Copied from a piece originally written for Real Life magazine
In September 2021, the Wall Street Journal reported on Apple’s plans to integrate diagnostic technologies into its phones. The idea is to use their various sensors and features — from high-resolution cameras to gyroscopes to usage analytics — to assess the possible presence of various medical conditions. The report mainly focused on the technology’s capability to potentially detect depression and “cognitive decline,” but it also mentioned research “that aims to create an algorithm to detect childhood autism” using the phone's camera “to observe how young children focus."
If you haven’t been following the breathless announcements and pitches in medical AI, such aspirations might seem like an out-there moonshot, a “what if” cooked up by ambitious computer scientists at a tier-one university. The authority of medicine, after all, is in part built around the idea that doctors are uniquely trained and sensitized to make diagnostic decisions. But efforts to develop algorithmic systems to diagnose conditions like autism are actually pretty widespread, to the point that my home institution (the University of Washington) not only works on them but also on developing datasets to help others do so, with financial support from the National Institute for Mental Health.
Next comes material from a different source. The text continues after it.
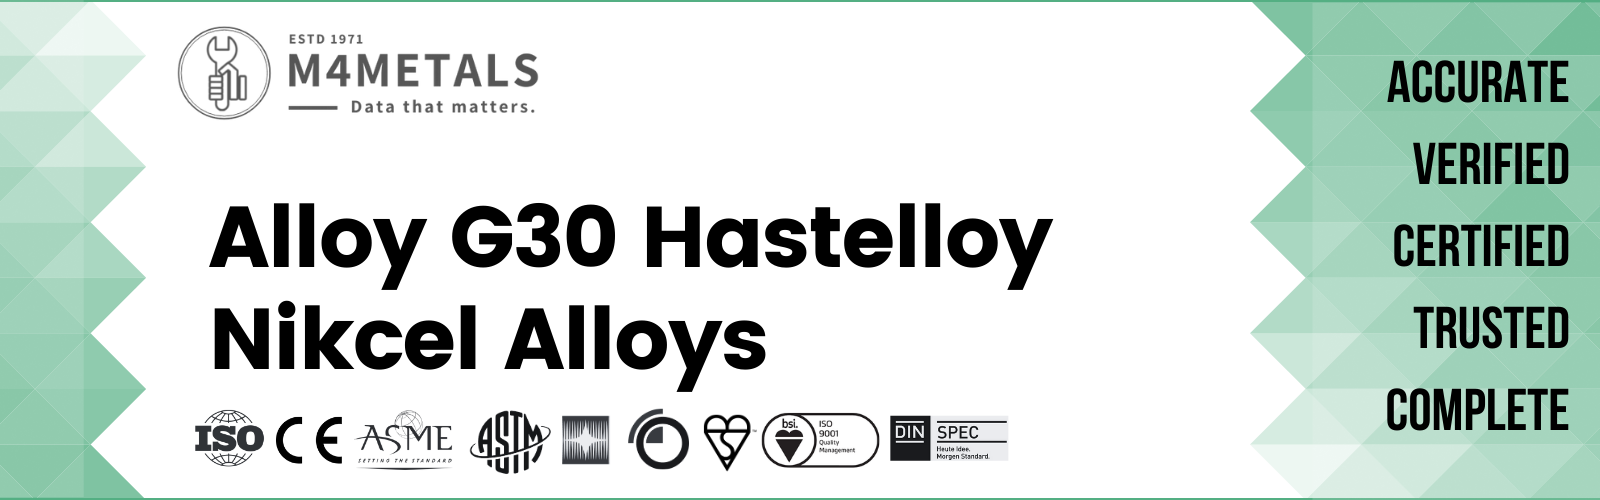 Hastelloy Alloy G30
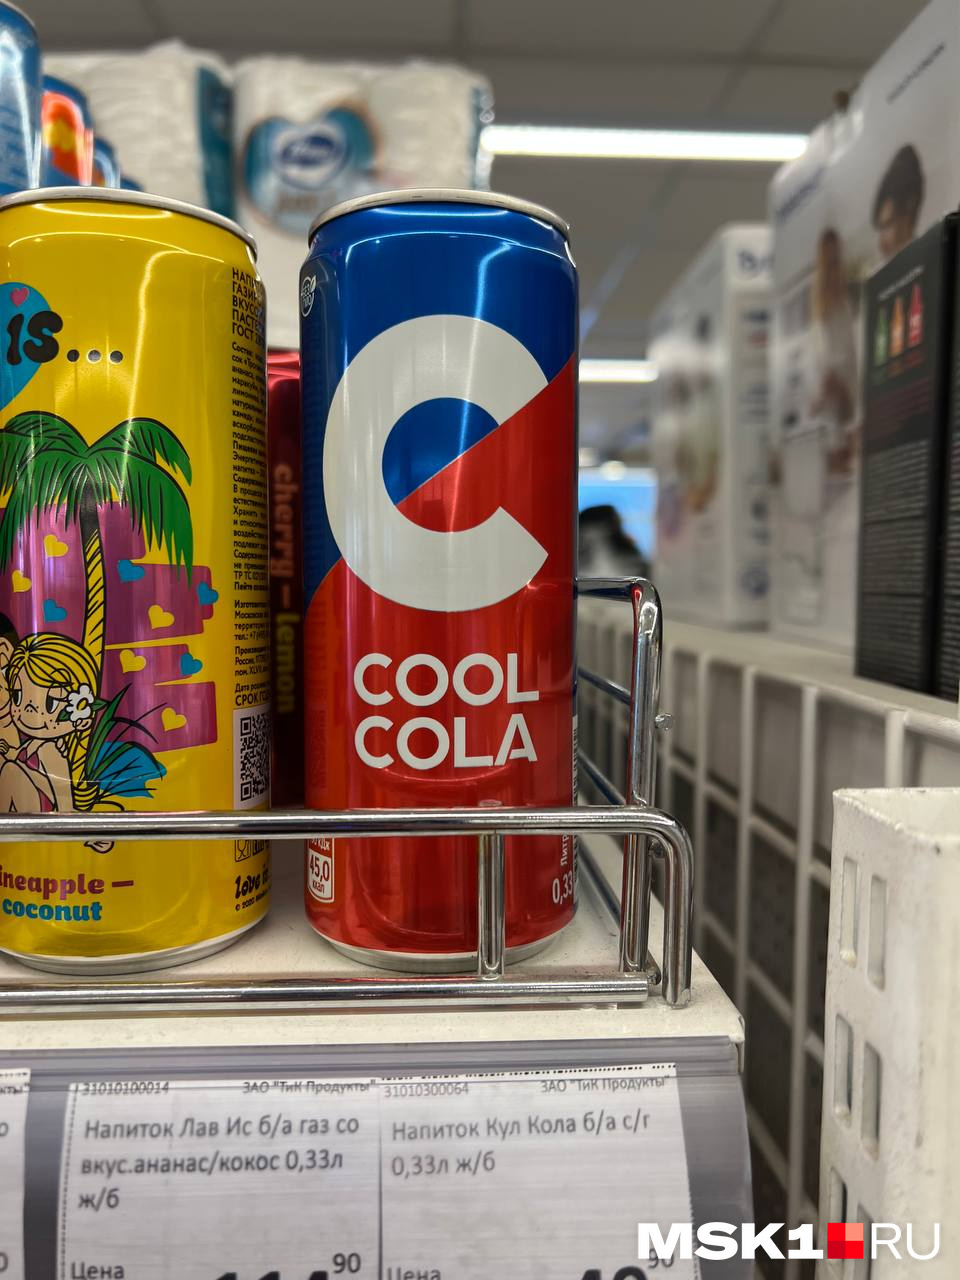 Cool Cola дешевле обычной

There are several different approaches to AI psychiatric diagnosis, but at their core, they aim to capture and analyze subjects’ bodily movements, recording how someone’s attention slides (or doesn’t), how their eyes move, their postures, their reaction to stimuli. This information is then put into a particular data format, plugged into a machine-learning system, and presto! Automated psychiatric diagnoses. In some respects, this matches existing diagnostic practices, which often rely on questionnaires, checklists, and long standardized assessments from which a point count is extracted, determining whether one falls within a diagnostic category. (Think Buzzfeed quizzes but life-altering.) The developers believe that automated diagnoses are a means of overcoming the partiality and inefficiency of doctor-directed diagnostics. Instead of depending on a medical professional — expensive, fallible, sometimes biased, and hardly evenly or sufficiently distributed around the world — you can rely on an algorithm, one that promises to be cheap, scientific, and objective with a capital O.
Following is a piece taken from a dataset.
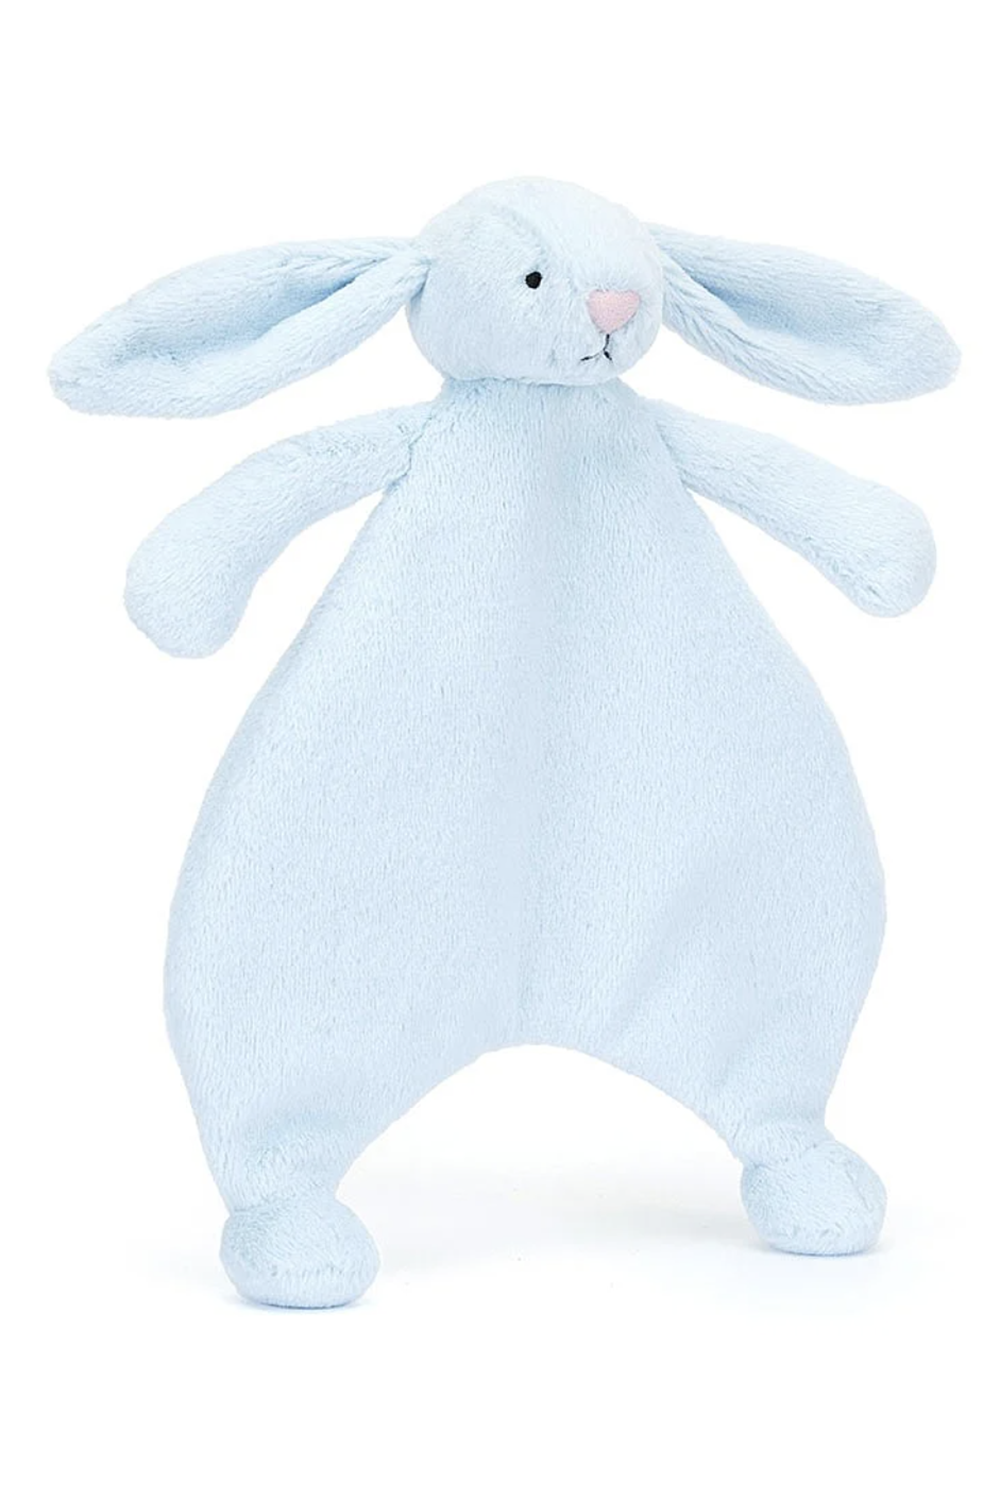 JELLYCAT Bashful Comforter - Blue Bunny

At this point, one can readily imagine the criticisms: Sure, AI diagnosis promises to be those things, but it’s never going to be. It’ll be expensive, it’ll be biased, it will lack resilience. (After all, Apple spent years shipping laptops that could be disabled by crumbs). These are all reasonable reactions, and part of what has become the standard playbook for the emerging field of algorithmic ethics, which (conventionally) tends to focus on fairness (whether the outcomes are biased depending on, say, the subject’s gender) and availability. Such a focus is attractive in part for developers because it implies any issue with an AI system is in its execution and not the ideas behind it, and can be ultimately solved through technical means.
This mentality has proven highly popular with software companies and — as I discussed a few months ago — with government regulators, to boot. Indeed, the developers of diagnostic algorithms themselves are aware of fairness concerns and are working on questions of dataset representativeness already. So a fairness-oriented critique coming from outside the development community only repeats what they already believe, that AI’s problems are typically a matter of outcomes, not means.
Treating problems with algorithms as technical rather than political aligns with a particular idealization of medicine, in which it too is apolitical. From this view, medicine is a clear-cut process of providing for the health of individuals, strictly a matter of outcomes. But if the past few years have shown us anything, it is that medicine is anything but apolitical. It is not as though there is a clear “right thing to do” and everyone automatically tries their best to do it. Medicine shapes our very bodies and minds, its availability and quality are quite literally matters of life and death. As a form of cultural authority, medicine affects public policy and discussion around how society is arranged, and is in turn affected by them. Its provision is both a civic and a business matter; the field is constantly negotiating the different values implied by these, with ramifications for how care is conceived and rationed. Medicine becomes subject to broader forces of neoliberalization, and the insistence on efficiency, cost-effectiveness, speed.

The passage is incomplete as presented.